Decades later the UDR used to set up a road block regularly on that stretch of the road. It could be avoided by slipping along the side road past the Half Way House. I suppose that’s where Slip Road comes from? This blog has often meant to drop in there in these more enlightened times. In memory of Uncle Paddy. Maybe some day in the perpetual coming and going up and down the Dublin Road, now a much shorter journey, I will do just that.

Some of that great Down team were working in the building trade and were employed in Riverdale in Andytown, where my granny lived at that time. It was a great thrill for us young Belfast gaels to get even a glimpse of our heroes. I get the same buzz nowadays when I am close to the heroes and heroines of our Gaelic games.

Who is going to win today? This blog doesn’t know. Nobody does. That’s the wonder of it all. Anything can happen. And when all the talking and spoofing and slagging is done its over to fifteen versus fifteen to do the deed.

This blog will be rooting for Tír Éoghan in the Minors and An Dún in the Seniors. Tír Éoghan should do it! An Dún? They will have a lot to do. Corcaigh have something bigger than themselves to prove and they have been a long time waiting. But here’s hoping. By five o clock today we will all know.

And by five o clock Micheál Ó Muircheartaigh will have commented on his last All Ireland Final. At eighty years of age he is bowing out at the top of his game after broadcasting since 1947. This blog is a huge fan of Micheál’s. For me he is the voice of Gaelic games. A worthy successor to the great Micheál O Hehir. I have always loved his singsong Kerry accent bringing the radio commentary alive with his passion, eye for detail, humour and verbal solo runs in both Irish and English. These are now part of the tradition. As part of our little tribute to Micheál and in thanks for his work we reproduce some of these below. Maith thú Micheál. Go raibh mile maith agat.

‘He grabs the sliothar. He’s on the 50! He’s on the 40! He’s on the 30! He’s on the ground!’

‘Seán Óg Ó hAilpín …. His father’s from Fermanagh. His mother’s from Fiji. Neither a hurling stronghold.’

‘The stopwatch has stopped. It’s up to God and the referee now. The referee is Pat Horan. God is God.’

‘Teddy looks at the ball. The ball looks at Teddy.’

‘(The streaker) has gone past the centre of the field. Níl fhios agam cad as thánaigh sé. B’féidir piobaire sidh slí Gleann Molúra é. He’s dodging his way now, trying to get away from the maor. He has made a good run. He’s on the 50 yard line now on the other side of the field. He’s brought to the ground…tá an streaker ag imacht an páirc’.

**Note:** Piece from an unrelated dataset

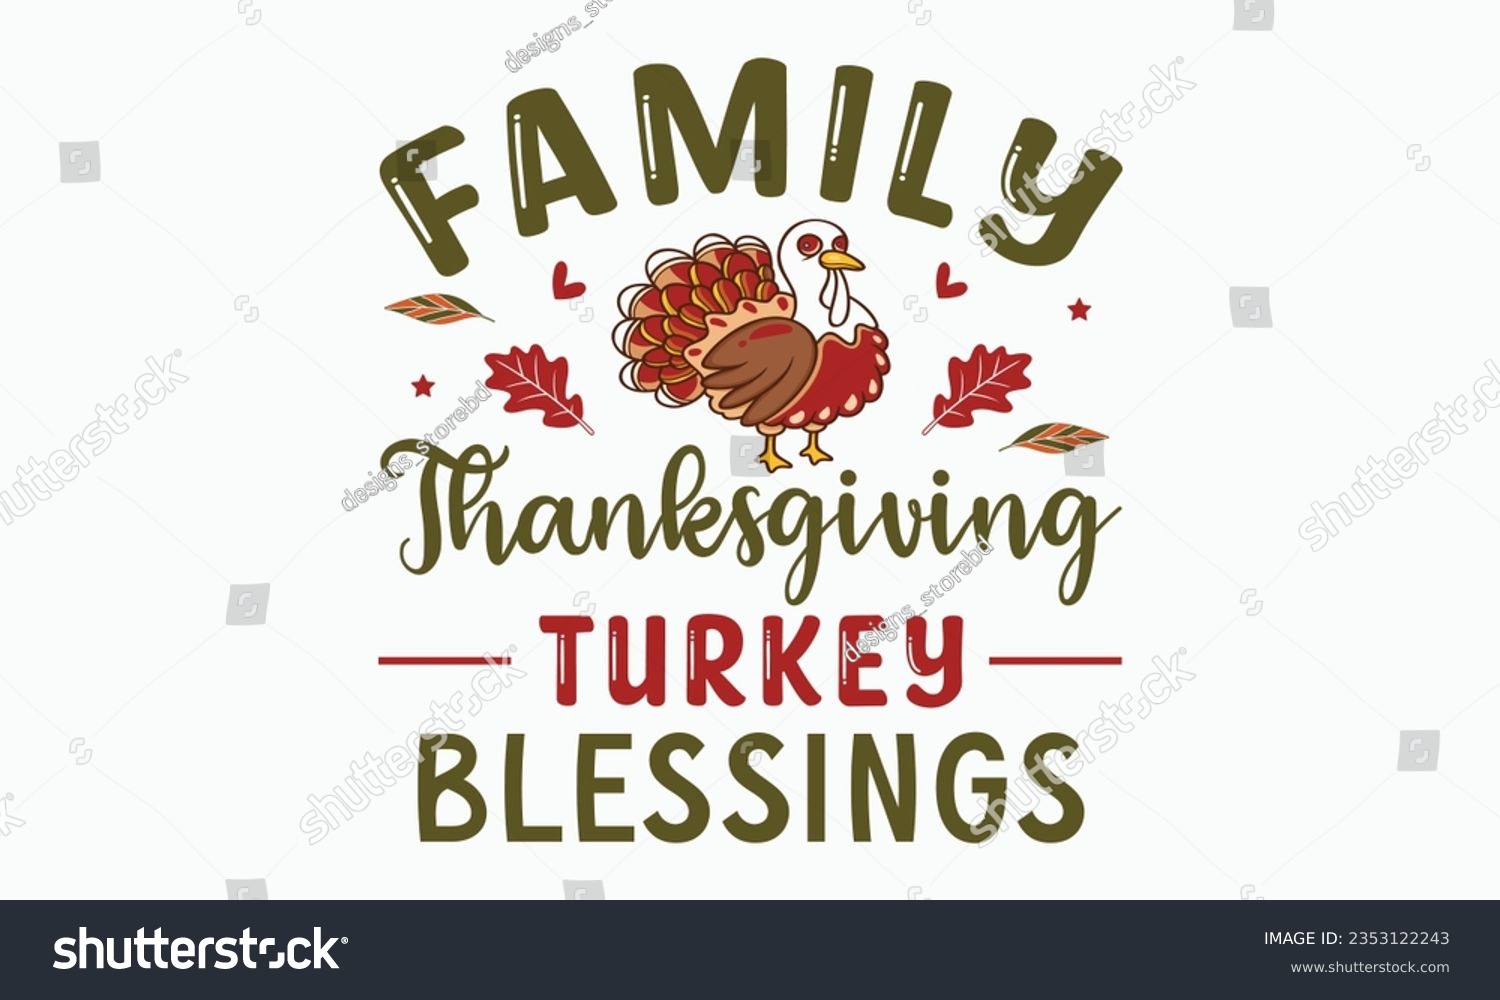 SVG of amily thanksgiving turkey blessings svg, Fall svg, thanksgiving svg bundle hand lettered, autumn , thanksgiving svg, hello pumpkin, pumpkin vector, thanksgiving shirt, eps files for cricut, Silhouette svg

‘Pat Fox out to the forty and grabs the sliothar. I bought a dog from his father last week. Fox turns and runs for goal. The dog ran a great race in Limerick last week. …Fox to the 21, fires a shot – it goes to the left and wide…and the dog lost as well.’

PS.

So did Down. By one point.

Comments

Thanks Gerry for a good read.
Micheál Ó Muircheartaigh ,as this reading was some rare mind. Nece to have the Hurling wizards and warriors with a voice to match. The players and the League Warriors clans benefits from his expertise,a true loss.I've been between somewhere and somewhere else , every place your go seems to have one. In all Irish games,as in life, one must learn the rules of the game. And then you have to play better than anyone else. Today was about winning the game, it does not necessarily mean that anyone lost.